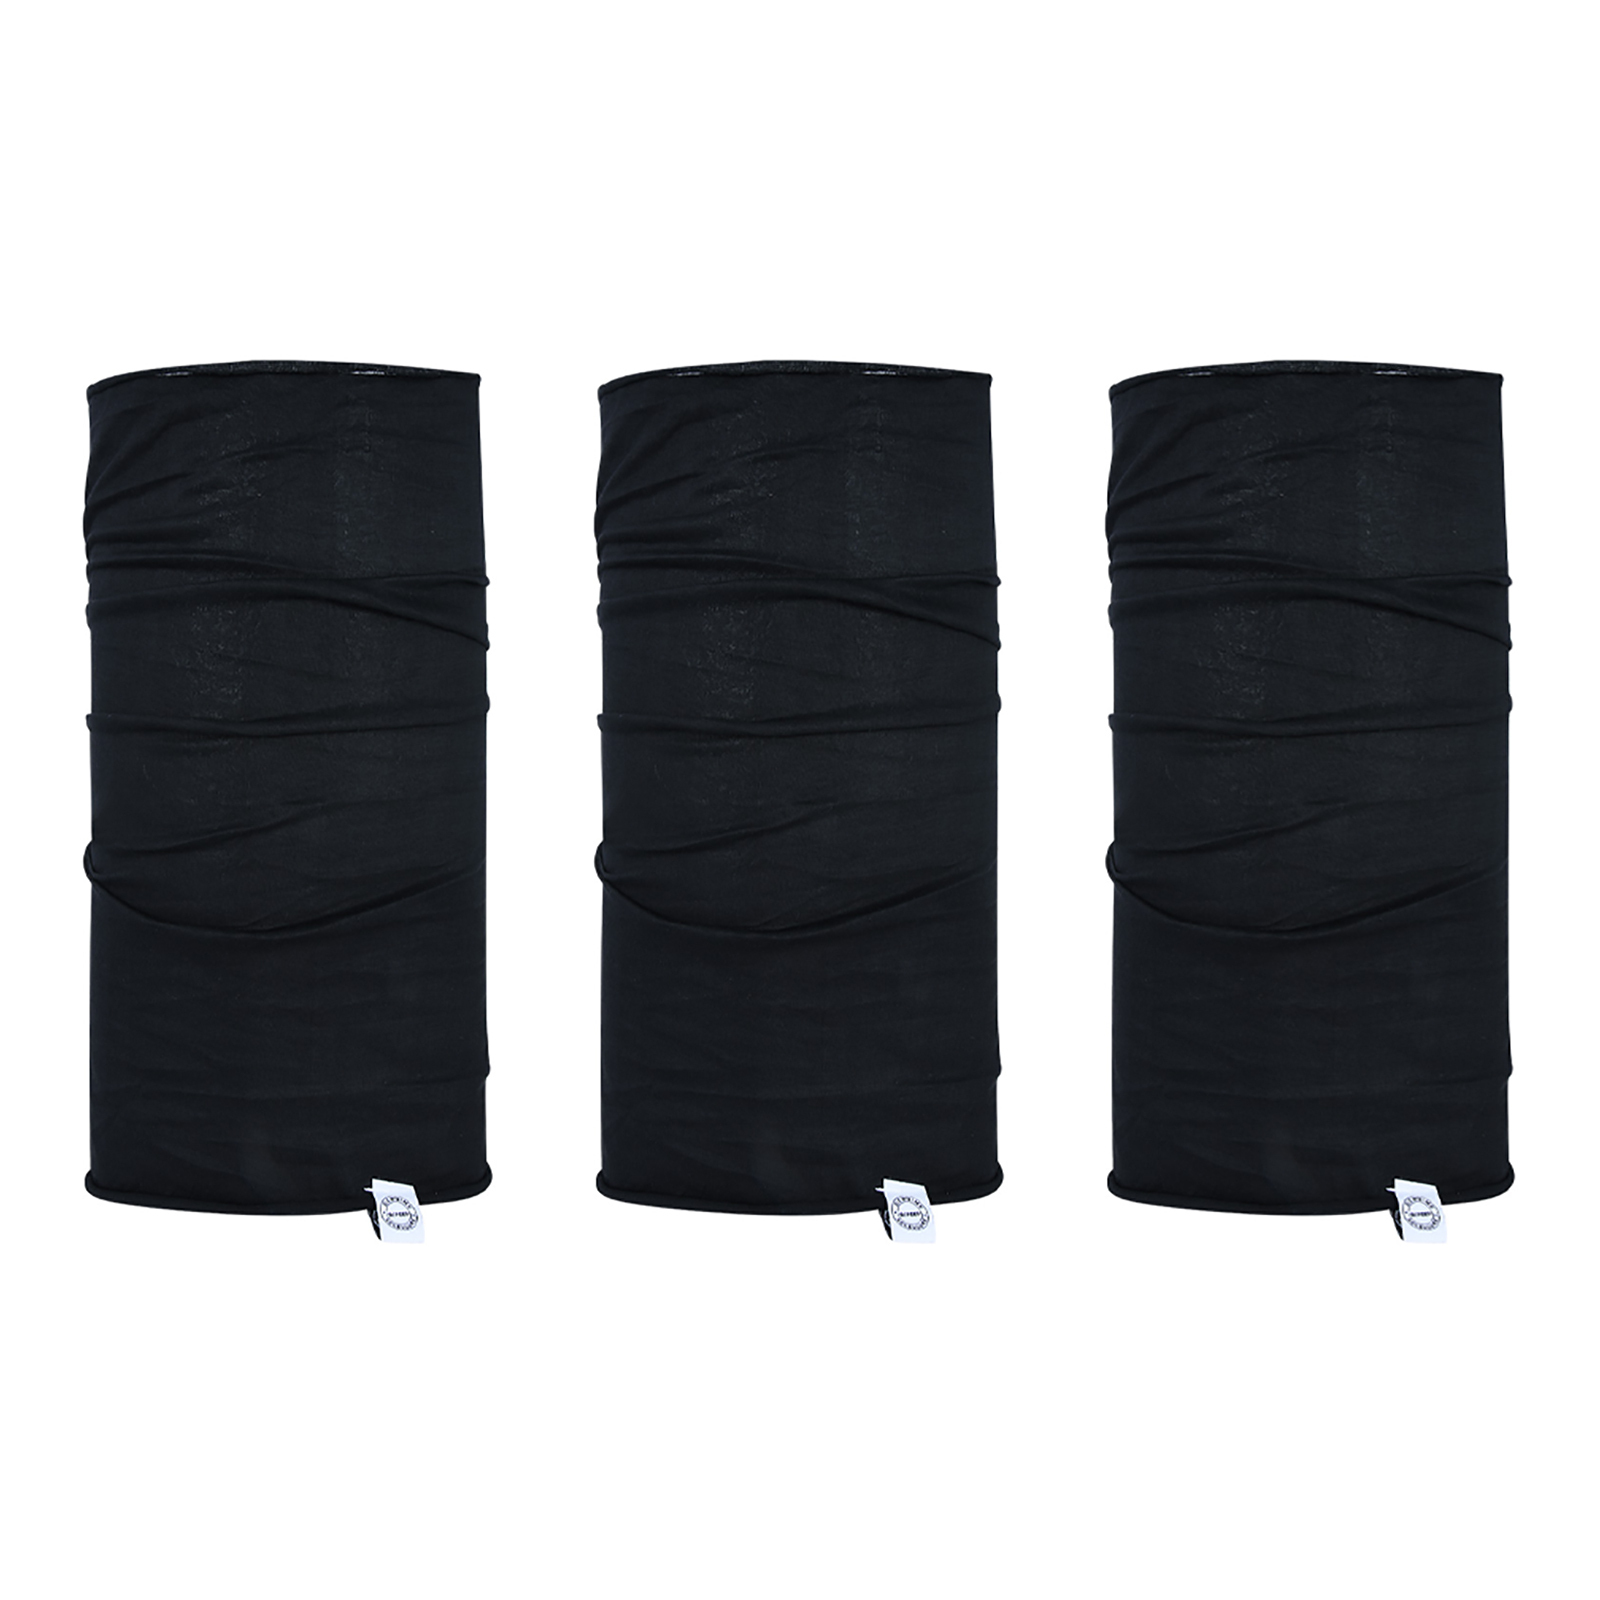 Oxford Comfy neck sock - Black (3 Pack)
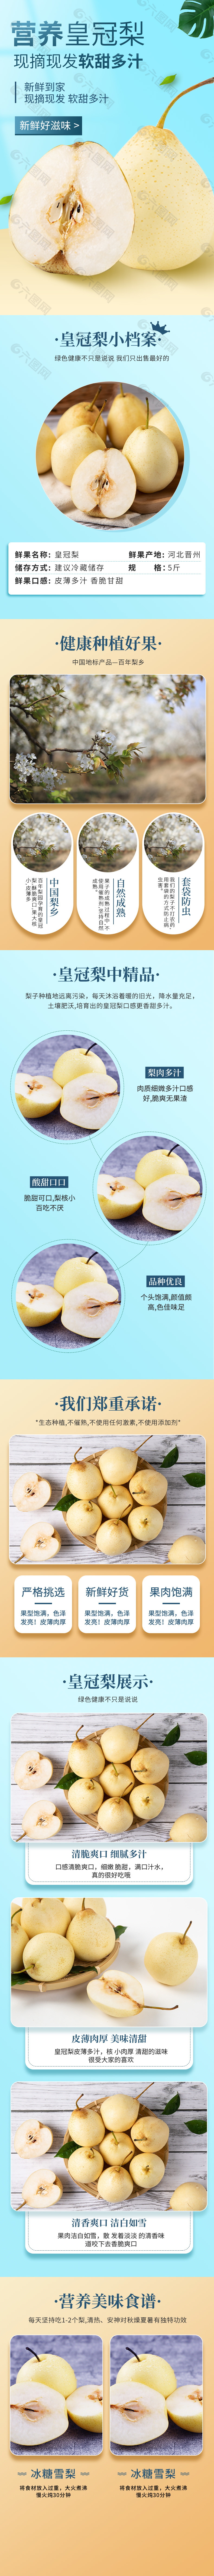 小清新电商皇冠梨水果产品描述详情页下载
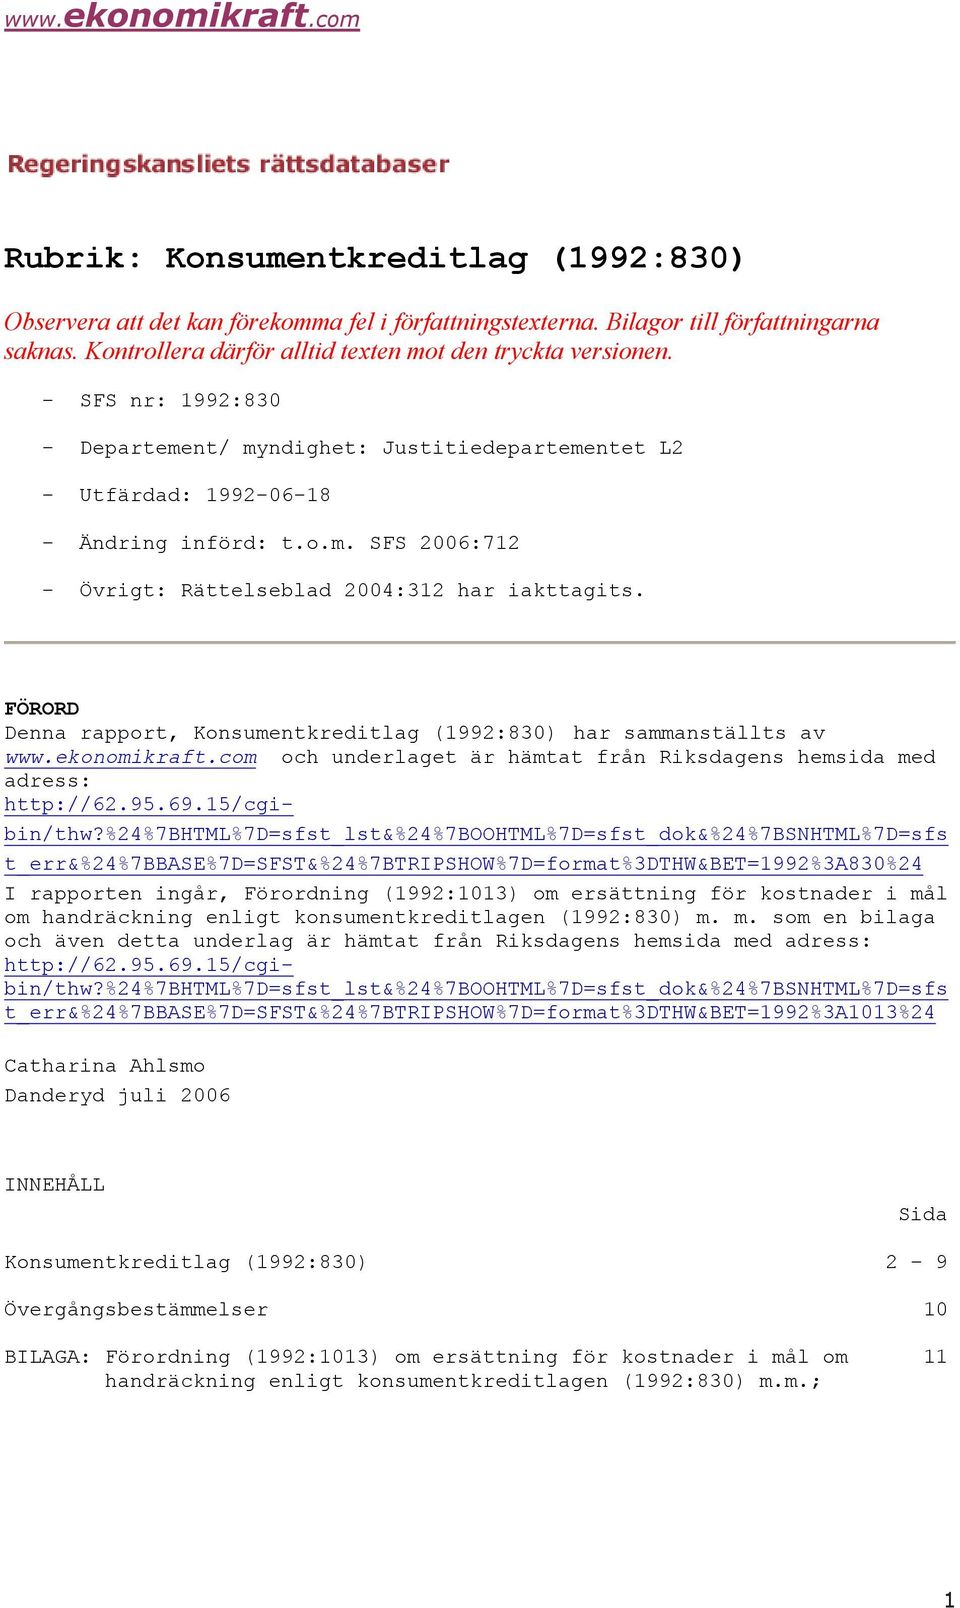 FÖRORD Denna rapport, Konsumentkreditlag (1992:830) har sammanställts av www.ekonomikraft.com och underlaget är hämtat från Riksdagens hemsida med adress: http://62.95.69.15/cgibin/thw?
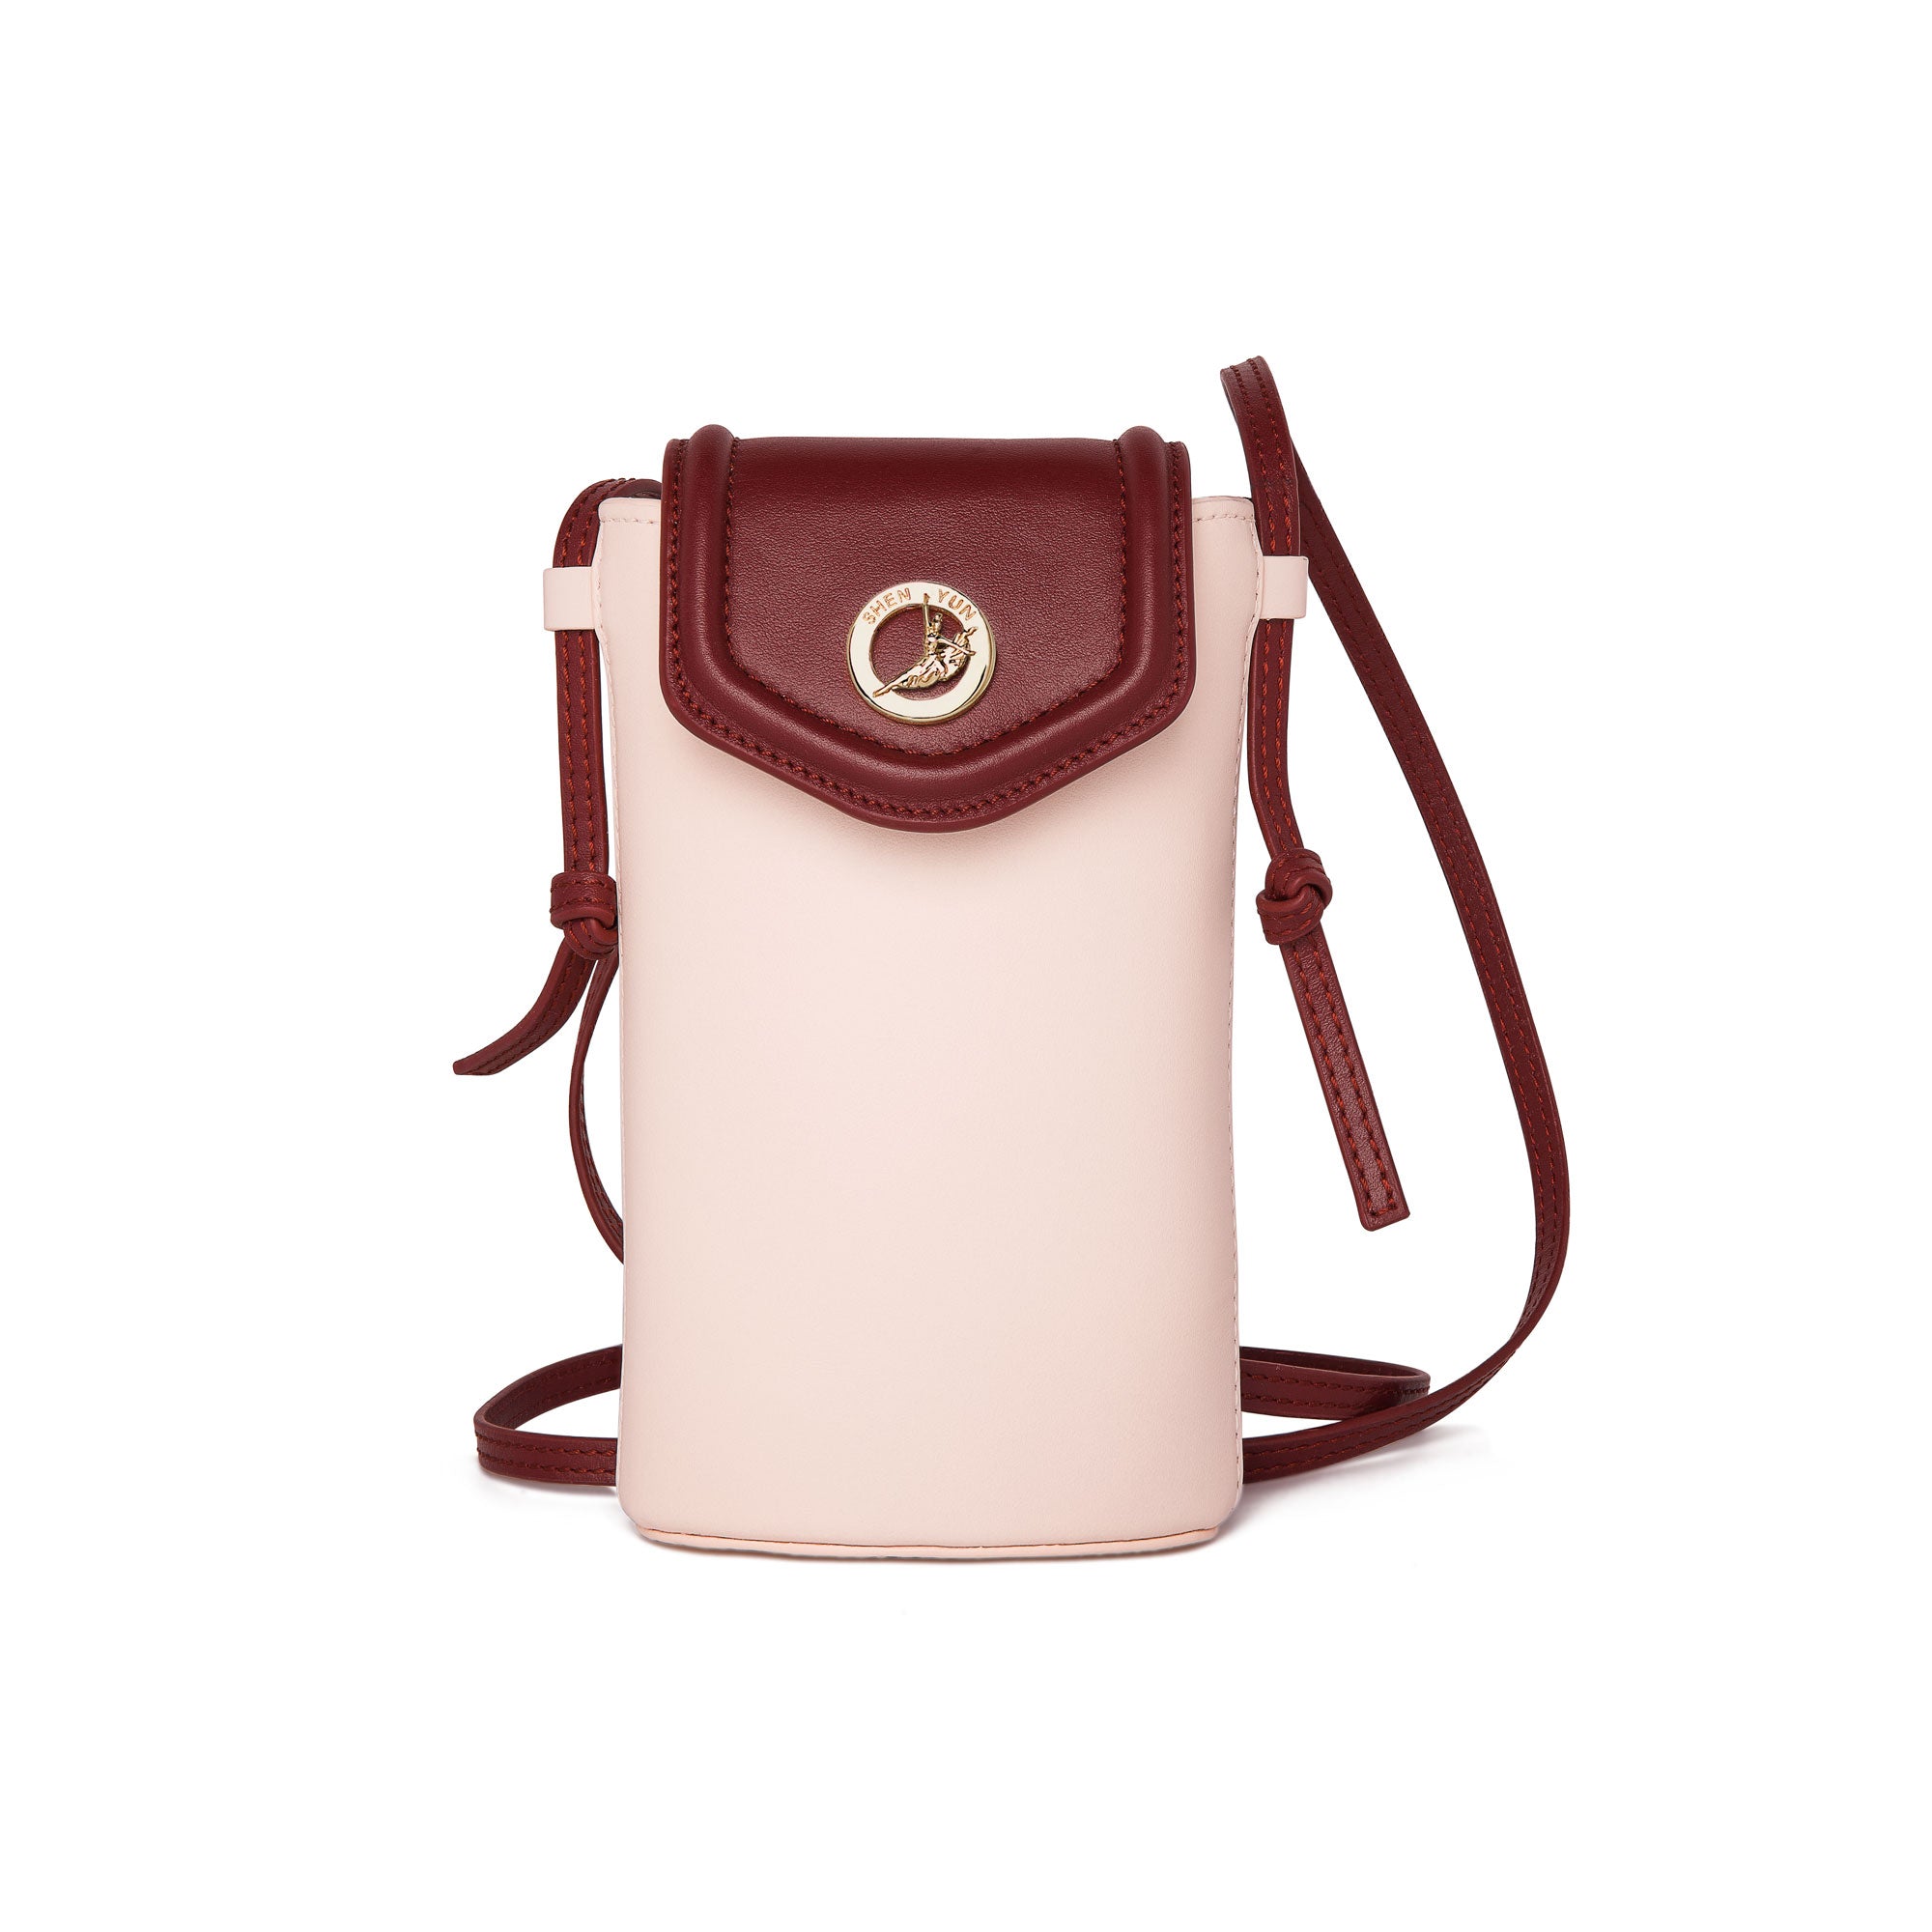 The Spirit of Mulan Phone Bag Pink Front View | Shen Yun Shop 
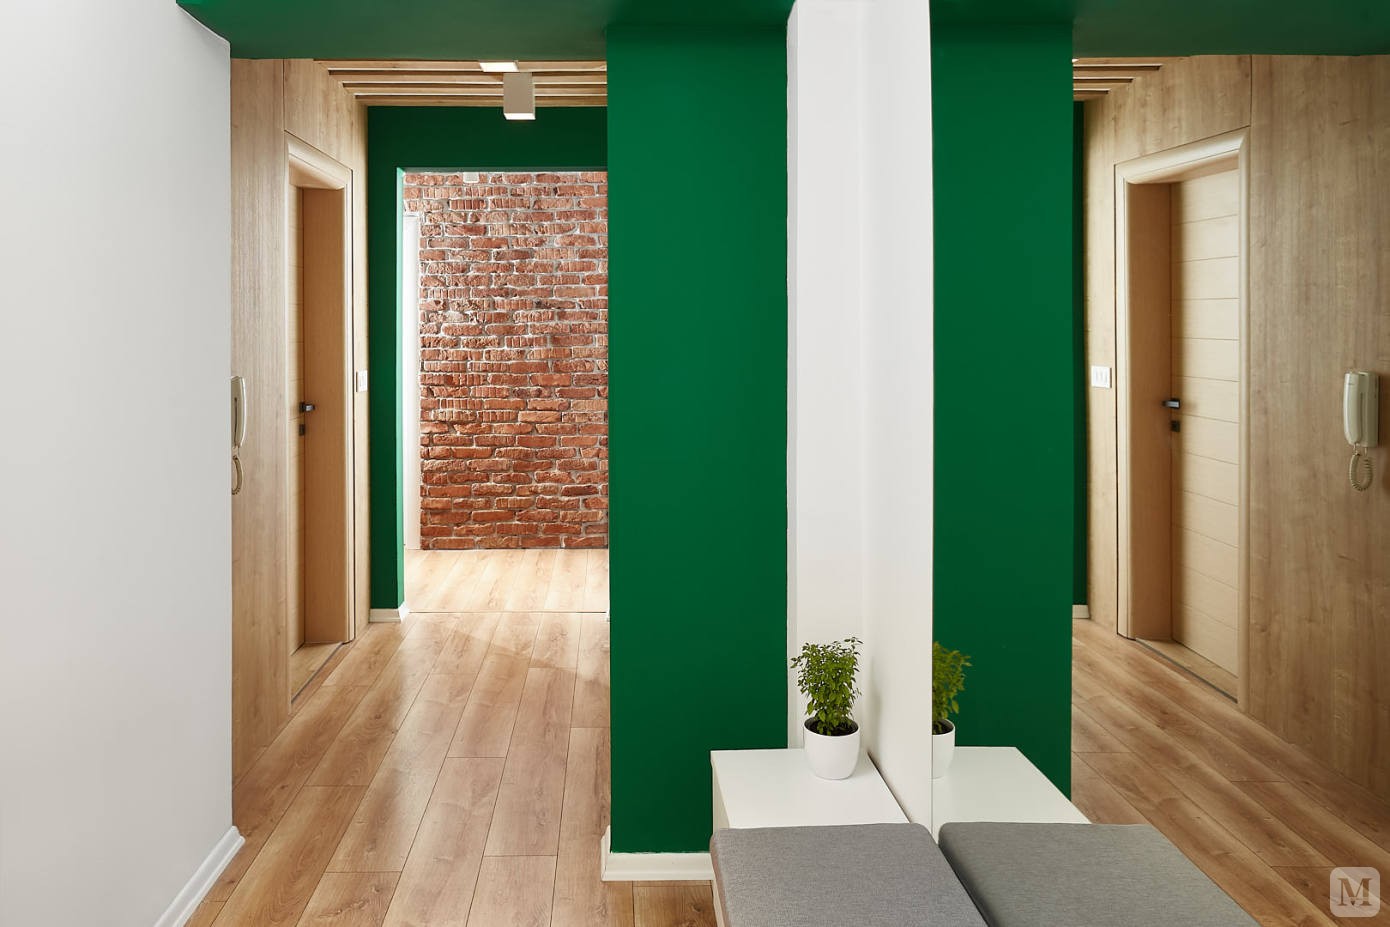 小小的绿植点缀着整个空间，葱郁而不失温馨；
棕黄色的木纹地板加上白色的墙面，明亮清晰而不显的单调；
清爽简约型的现代家具搭配着红砖背景墙，雅致简洁，让整个空间充满了大自然的生机。

★ ★ ★

--- Task requirements ---
Which lines fall between the one containing "小小的绿植点缀着整个空间，葱郁而不失温馨；" and the last line of the listing, both included? Give them again exactly, without the pictures.

--- Task output ---
 小小的绿植点缀着整个空间，葱郁而不失温馨；
棕黄色的木纹地板加上白色的墙面，明亮清晰而不显的单调；
清爽简约型的现代家具搭配着红砖背景墙，雅致简洁，让整个空间充满了大自然的生机。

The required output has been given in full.